1. The interactive processing method based on the robot is characterized by comprising the following steps of: Acquiring multi-mode original data of a user based on a preset multi-mode sensing array; Preprocessing the multi-mode original data to obtain a corresponding emotion data set; Performing cross-modal feature fusion processing on the emotion data set to obtain a corresponding emotion feature vector; Carrying out emotion analysis processing on the emotion feature vector based on a preset emotion basic model to generate corresponding emotion prediction data; Determining a current interaction scene based on a preset scene recognition module, and acquiring scene constraint conditions corresponding to the interaction scene; Performing strategy generation processing on the interaction scene, the scene constraint condition and the emotion prediction data based on a preset basic interaction strategy library to obtain a corresponding interaction strategy; And controlling the robot to execute corresponding interaction processing on the user based on the interaction strategy.

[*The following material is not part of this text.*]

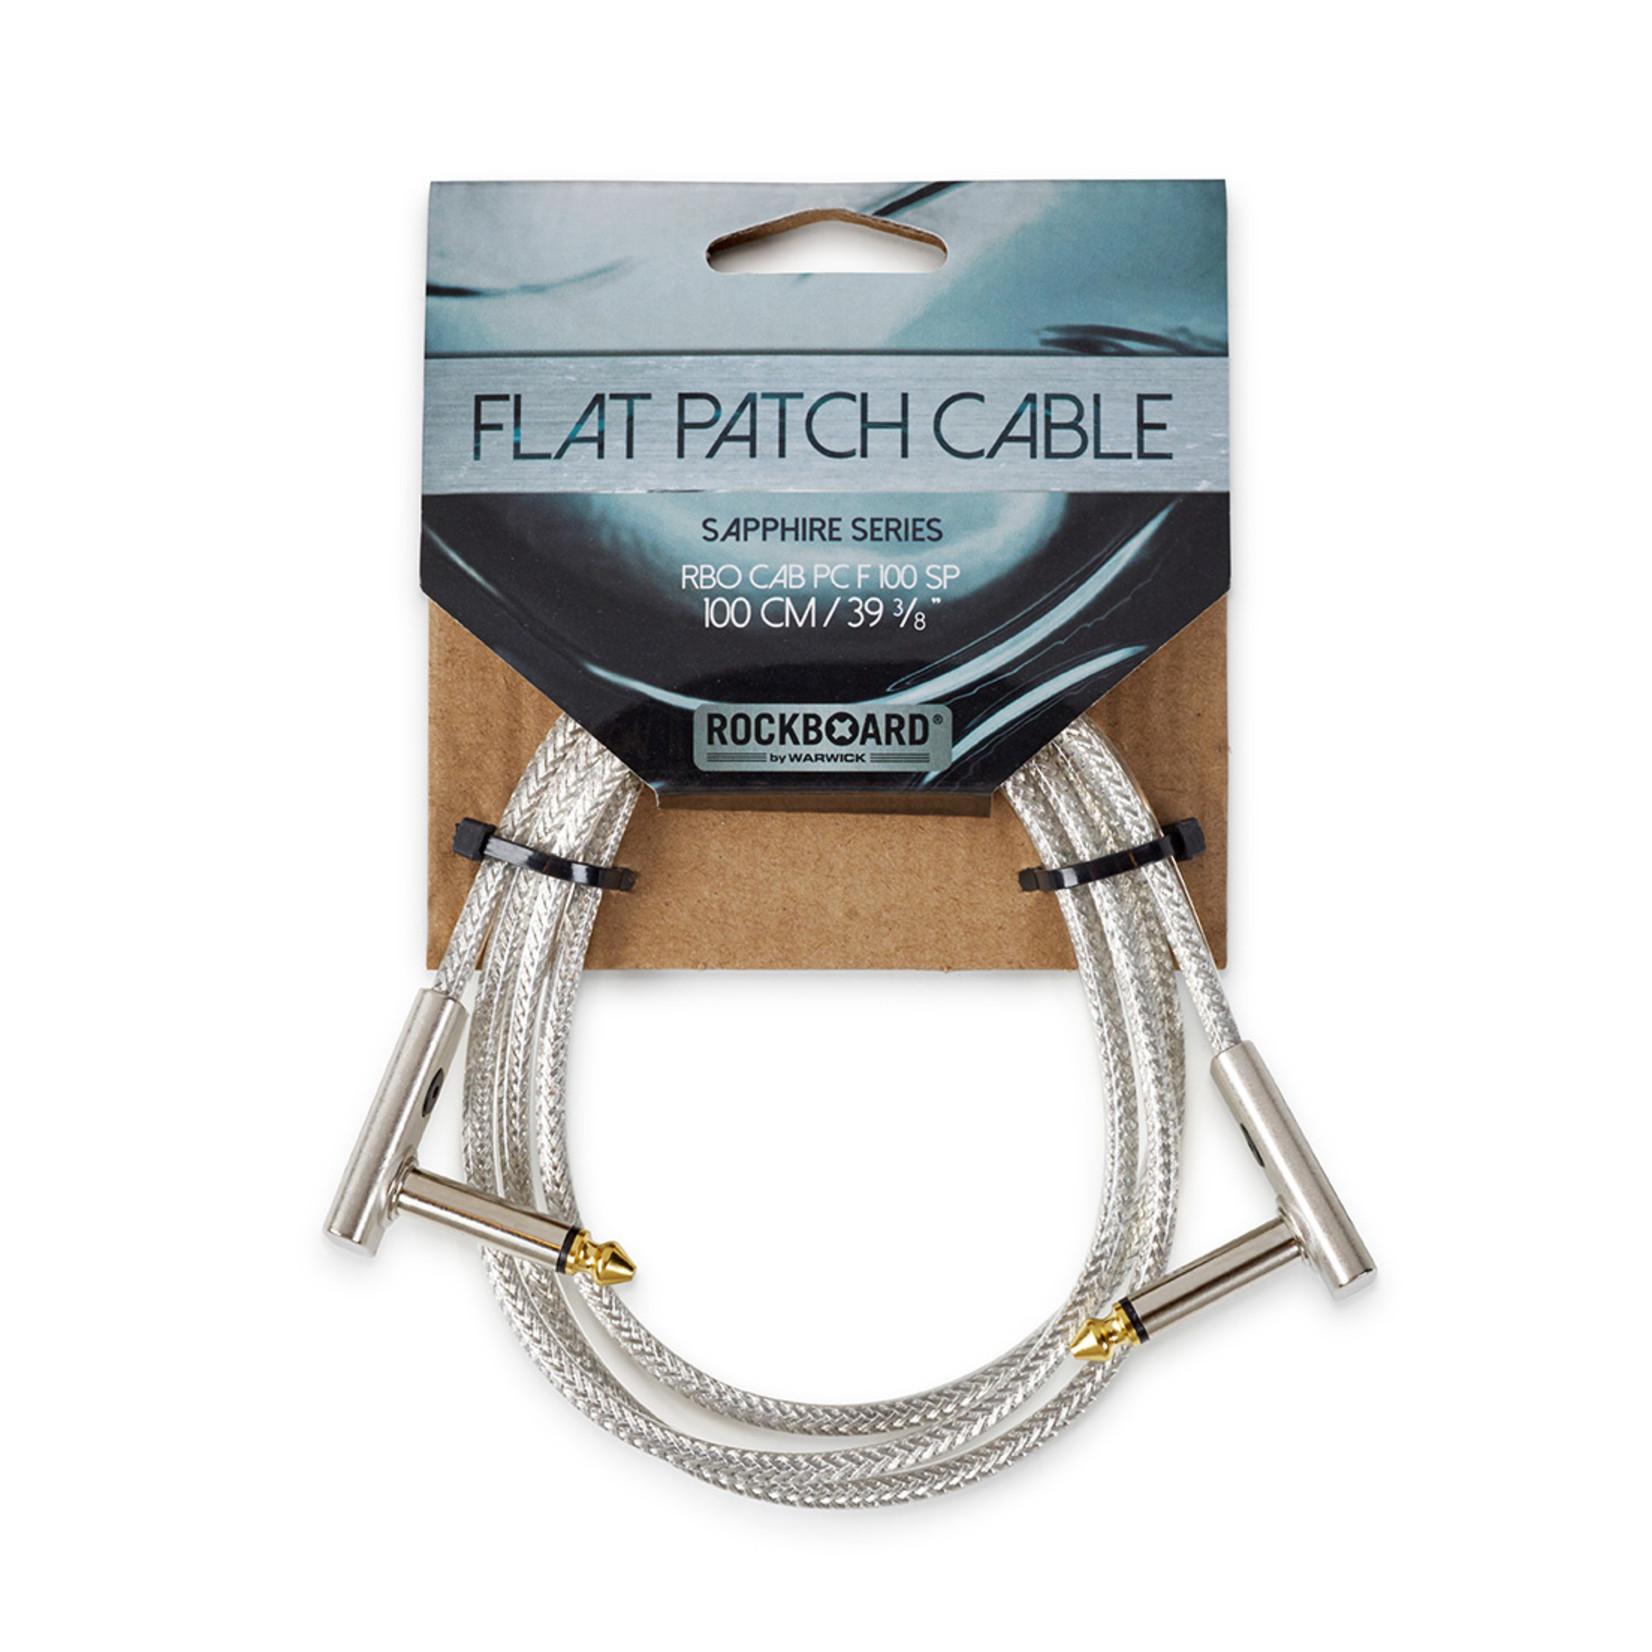 "Rockboard RockBoard Flat Patch Cable Sapphire Series - 100 cm / 39 3/8"""

2. The method for processing robot-based interaction according to claim 1, wherein the multi-modal raw data includes visual data, audio data, haptic data and physiological data, and the step of preprocessing the multi-modal raw data to obtain a corresponding emotion data set specifically includes: preprocessing the visual data based on a preset first preprocessing strategy to obtain corresponding target visual data; preprocessing the audio data based on a preset second preprocessing strategy to obtain corresponding target audio data; Preprocessing the haptic data based on a preset third preprocessing strategy to obtain corresponding target haptic data; Preprocessing the physiological data based on a preset fourth preprocessing strategy to obtain corresponding target physiological data; integrating the target visual data, the target audio data, the target tactile data and the target physiological data based on a preset integration strategy to obtain corresponding integrated data; And taking the integrated data as the emotion data set.

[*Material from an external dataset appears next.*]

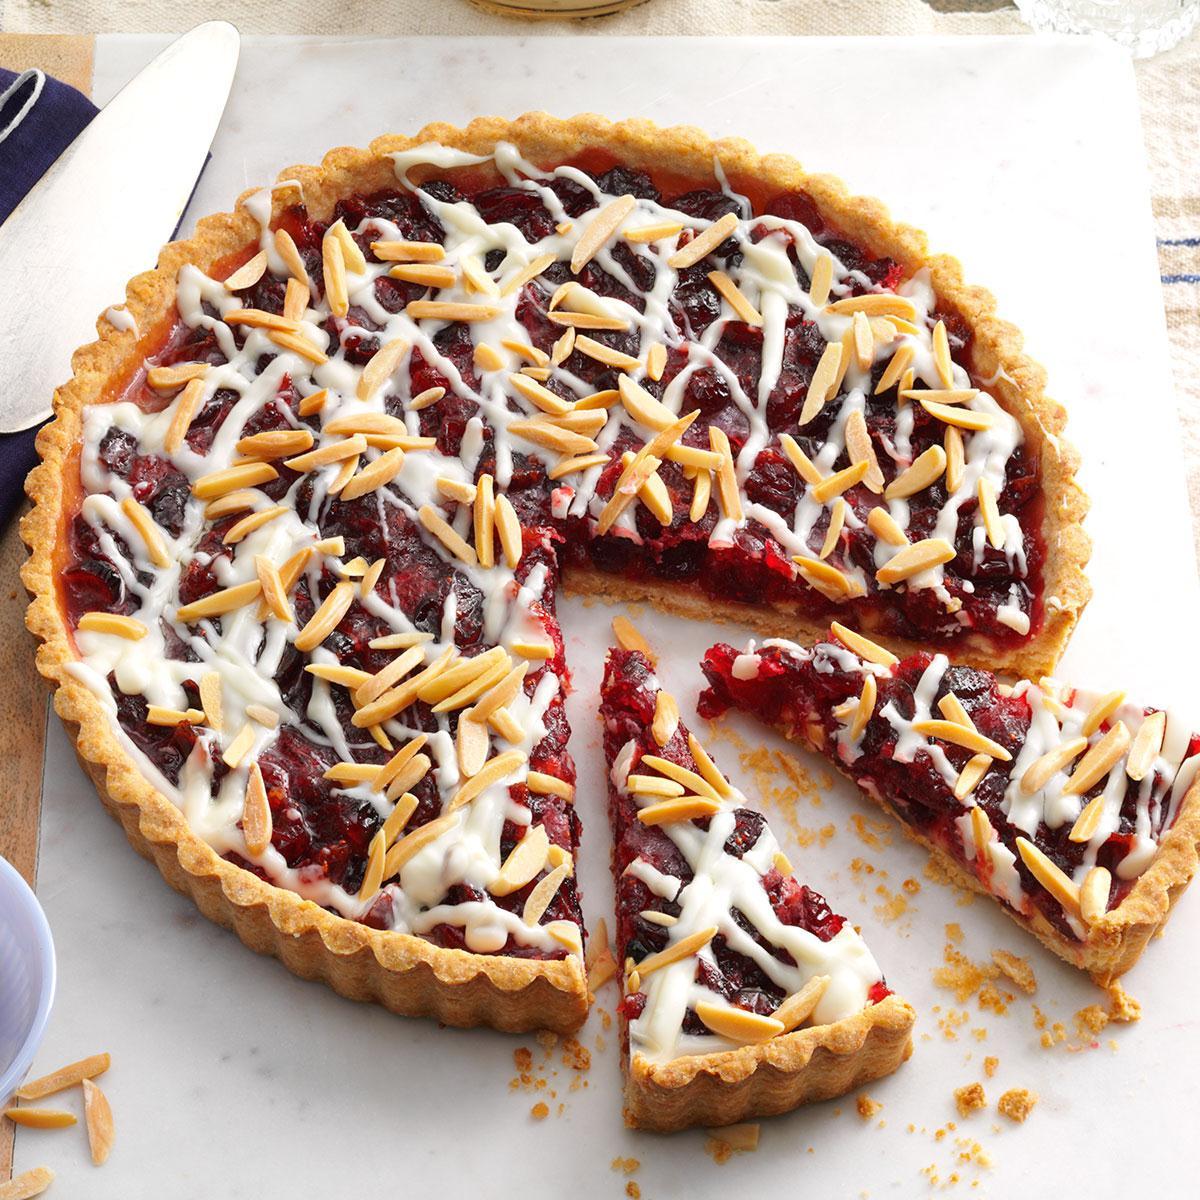 White Chocolate Cranberry Almond Tart

3. The method for processing robot-based interaction according to claim 1, wherein the step of performing cross-modal feature fusion processing on the emotion data set to obtain a corresponding emotion feature vector specifically comprises: invoking a preset target feature extractor, wherein the target feature extractor comprises a plurality of feature extractors respectively corresponding to the modal types of the emotion data set; Performing feature extraction on the emotion data set based on the target feature extractor to obtain corresponding multi-modal features; Based on a preset cross-modal fusion engine, carrying out fusion processing on the multi-modal characteristics to obtain corresponding fusion characteristics; optimizing the processing characteristics based on a preset optimization strategy to obtain corresponding target characteristics; And taking the target feature as the emotion feature vector.
4. The interactive processing method based on the robot of claim 3, wherein the step of optimizing the processing features based on a preset optimization strategy to obtain the corresponding target features specifically comprises: adjusting the fusion characteristic based on a preset Bayesian inference model to obtain a corresponding first processing characteristic; Acquiring a basic file of the user; Performing personalized calibration processing on the first processing characteristics based on the basic file to obtain corresponding second processing characteristics; and taking the second processing characteristic as the target characteristic.
5. The method for processing robot-based interaction according to claim 1, wherein the step of performing emotion analysis processing on the emotion feature vector based on a preset emotion basic model to generate corresponding emotion prediction data specifically comprises: Invoking a pre-constructed emotion basic model; Carrying out emotion mapping processing on the emotion feature vector based on the emotion basic model to obtain corresponding emotion state data; trend analysis is carried out on the emotion state data based on a preset emotion state transfer module, so that corresponding emotion trend prediction data are obtained; Integrating the emotion state data and the emotion trend prediction data to obtain corresponding emotion integration data; and taking the emotion integration data as the emotion prediction data.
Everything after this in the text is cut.